De joven, como muchos otros, viví lo que mi mujer me enseñó a nominalizar como FOMO, acrónimo de fear of missing out. El miedo a perderse algo, ese sentimiento traicionero que te dice que mientras tú estás en pijama estudiando, en el resto del mundo está sucediendo la mejor fiesta de la historia. No salir un jueves en Santiago o un sábado en Ribeira era una tragedia, no digamos ya un Fin de Año. Quedarse en casa suponía perderse un chiste, una pelea o una historia de suma importancia.
Hoy soy un señor que ha vivido, bebido, leído, en paz y en orden conmigo mismo, desacomplejado y vertebrado que puede decir sin miedo no.
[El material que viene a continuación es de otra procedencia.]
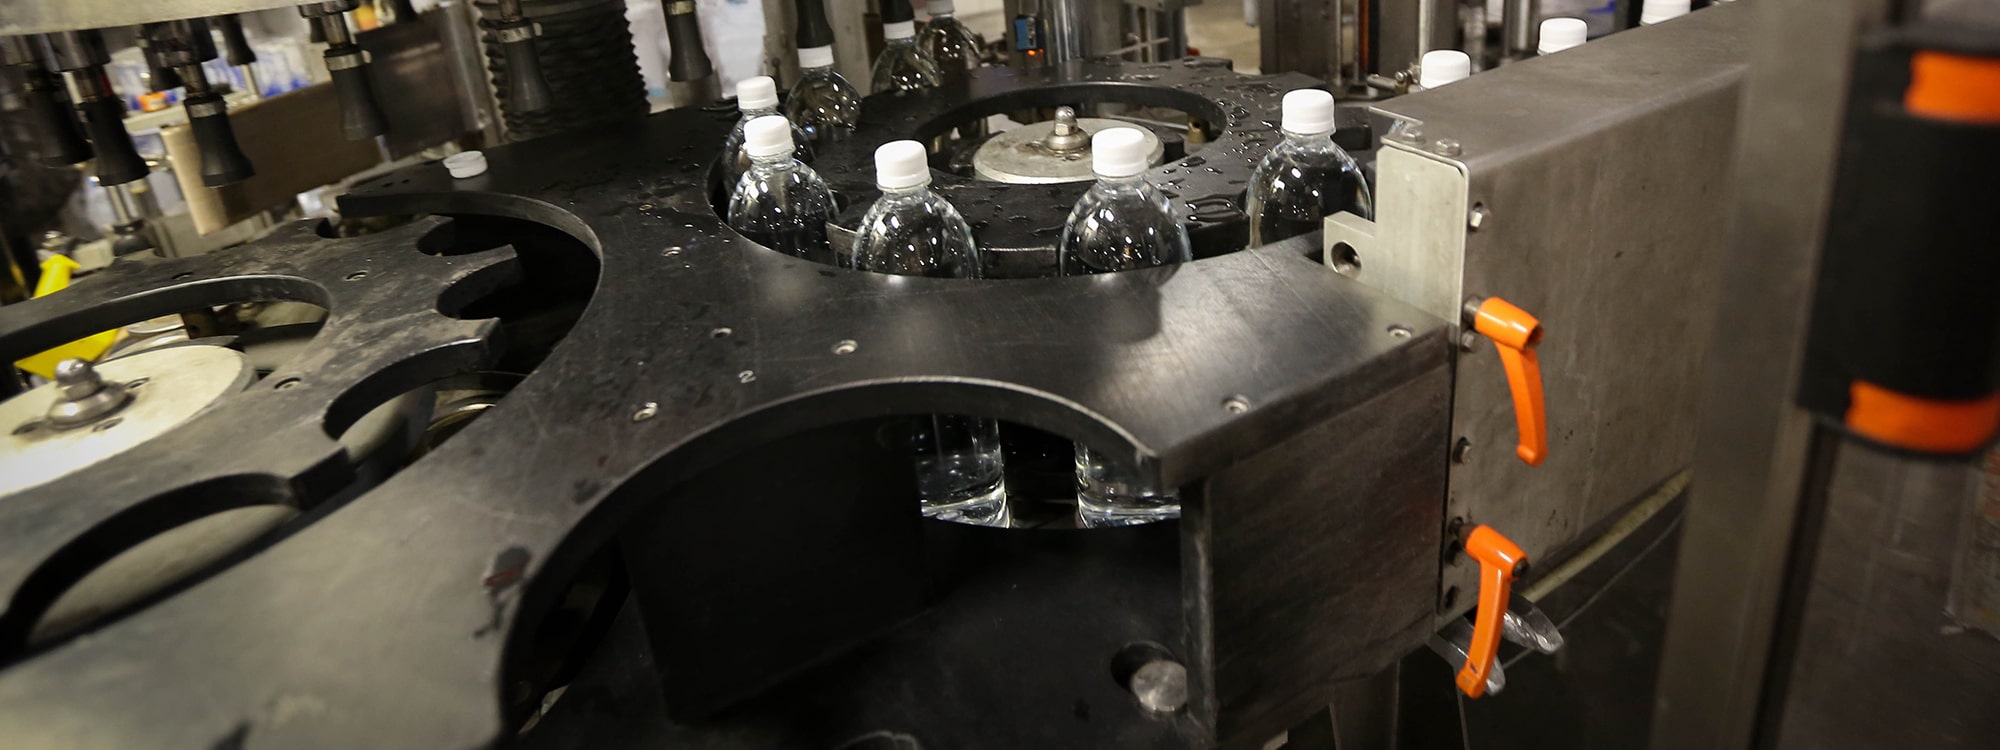 Private-label Water and Beverages - Contract Manufacturing and Co-Packing - Hero image - Mayer Brothers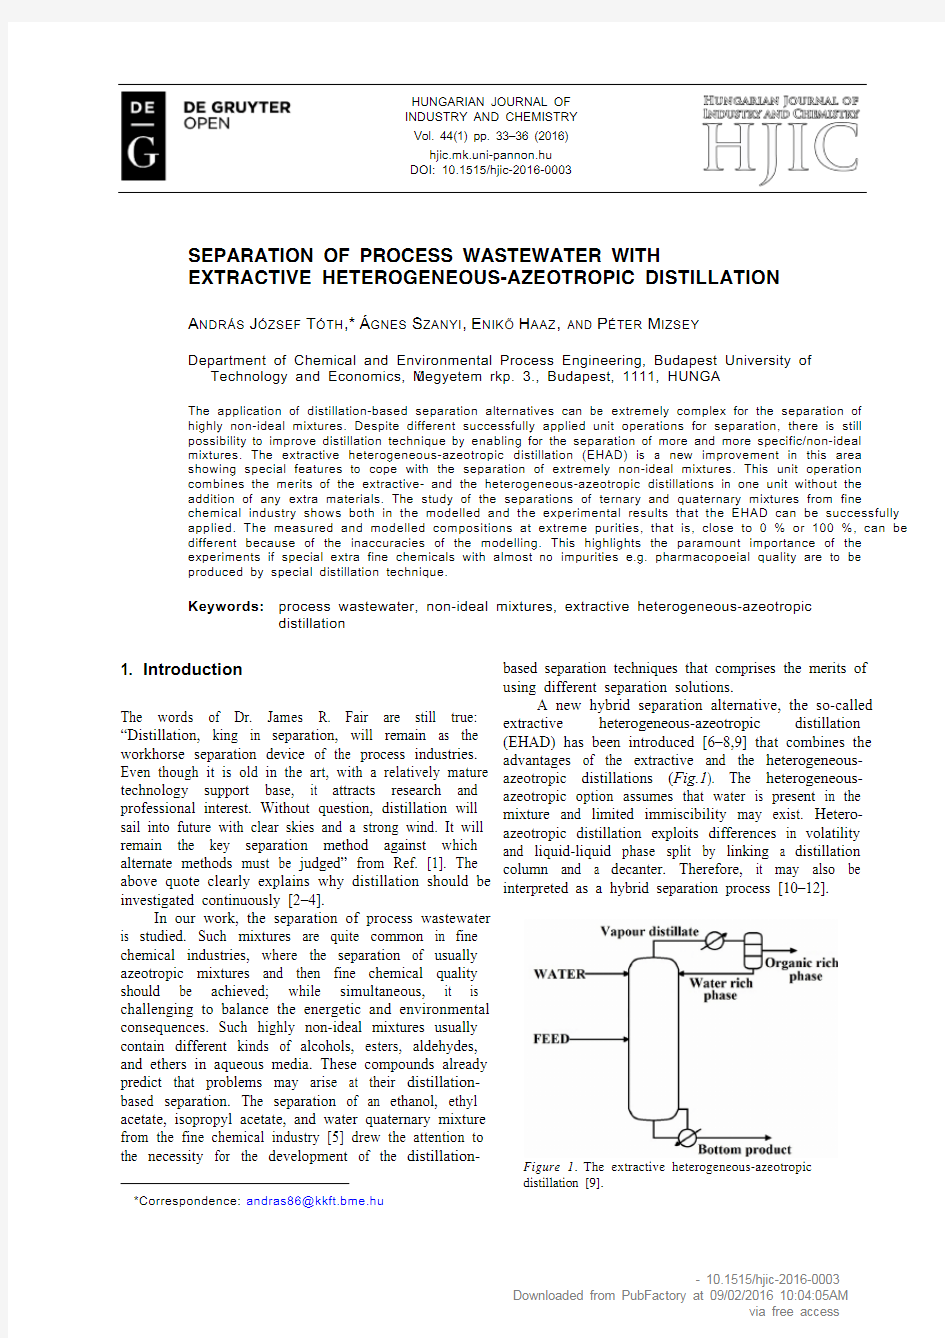 Separation of Process Wastewater with Extractive Heterogeneous-Azeotropic Distillation

No al ruido, no al alcohol, no al año pasado, no al año que viene, no a Ramón García, no a los matasuegras, no a los adolescentes con la americana de sus padres, no a los calzoncillos rojos, no al balance de este año, no al ibuprofeno…
Me meto en cama pronto como un anacoreta, disfrutando mientras gente que hace cola en las barras donde suena un horrible reguetón y el baño de mujeres está ocupado por un jambo con la corbata en la cabeza, se replantean su angustia. El 1 de enero madrugo, con un aspecto que exagere mi frescor y voy poniendo gestos de desaprobación a los jóvenes que casi no se sostienen en pie, como yo hace cuatro días, vamos.
Quizá hasta me cuelgue en las barras del parque a hacer unas dominadas, mientras pienso en los langostinos al mercurio que me esperan. Soy a quien hace diez años hubiera llamado soso. Jubilado del alba, ya no formo parte de la ribeirense hermandad de los devoradores de Almax.